Steep Learning Curve for Retropubic Mid-Urethral Sling Surgery
Trainees only achieved a 5% or lower bladder perforation rate after they had performed 20 to 80 surgeries.
Achieving competence in the retropubic mid-urethral sling (MUS) surgery for stress urinary incontinence takes longer than previously acknowledged, researchers found.
Using bladder perforation rates as a proxy for inadequate skill, Paul Hilton, MD, and Karen Rose, MD, of Royal Victoria Infirmary in Newcastle, U.K., assessed surgical competence in retropubic MUS (tension-free vaginal tape) at a single institution from 1997 to 2013. Of 1,568 MUS surgeries performed, 20% were secondary procedures and 36% involved additional procedures performed at the same time.
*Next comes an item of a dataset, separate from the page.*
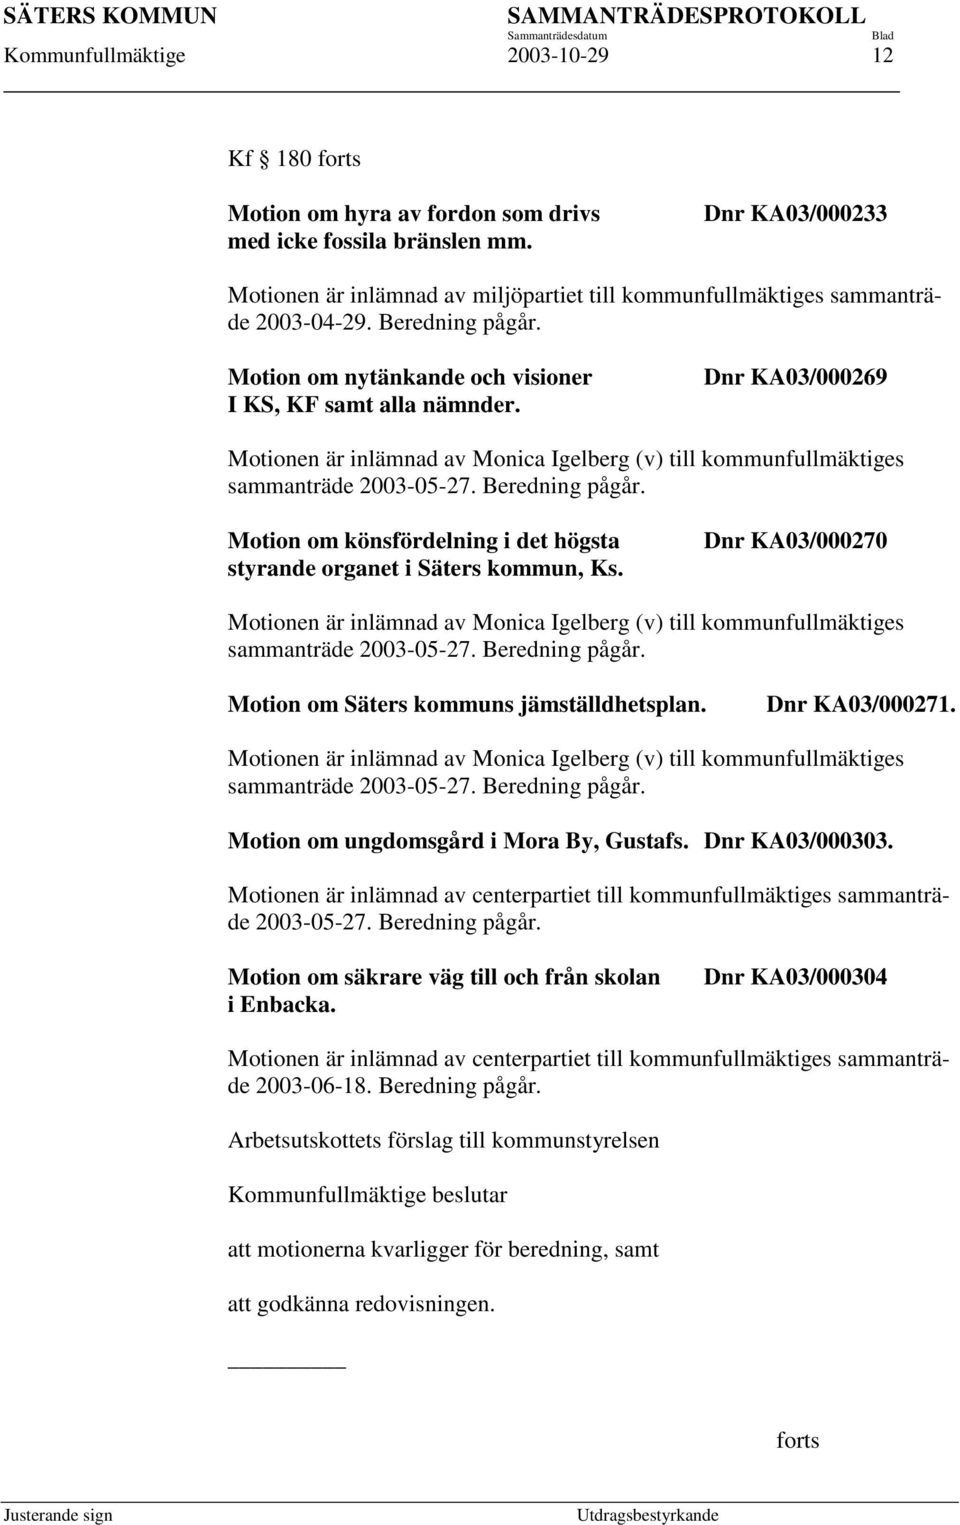 Dnr KA03/000269 Motionen är inlämnad av Monica Igelberg (v) till kommunfullmäktiges sammanträde 2003-05-27. Beredning pågår. Motion om könsfördelning i det högsta styrande organet i Säters kommun, Ks.

Bladder perforation rates ranged from 0% to 31% for the 16 individual surgeons, according to results published online ahead of print in the International Urogynecology Journal. By professional level, the 6 residents and 7 senior residents averaged 10.3%, the 2 fellows 4.5%, and 1 consultant 1.3%. The rate of bladder perforation during secondary operations did not differ significantly from primary operations.
Previous research has suggested that a 5% or lower bladder perforation rate is a marker of surgical competence. Trainees only attained this target after performing 20 to 80 surgeries – more than many expect. No trainee performing fewer surgeries achieved competency.
“Whilst seductively simple in concept, mid-urethral tape procedures are not without risk; their inherently ‘blind' nature makes them difficult to teach,” the investigators explained. “The ‘learning curve' to independent practice may be longer than previously considered.”
They Royal College of Obstetrics and Gynecology recommends trainees complete a minimum of 20 MUS surgeries before competency assessment. However, this study suggests the number required to obtain proficiency can range higher.
The investigators also examined operating time, post-operative voiding difficulties, tape extrusion, and patient satisfaction but could not determine trends due to inadequate numbers.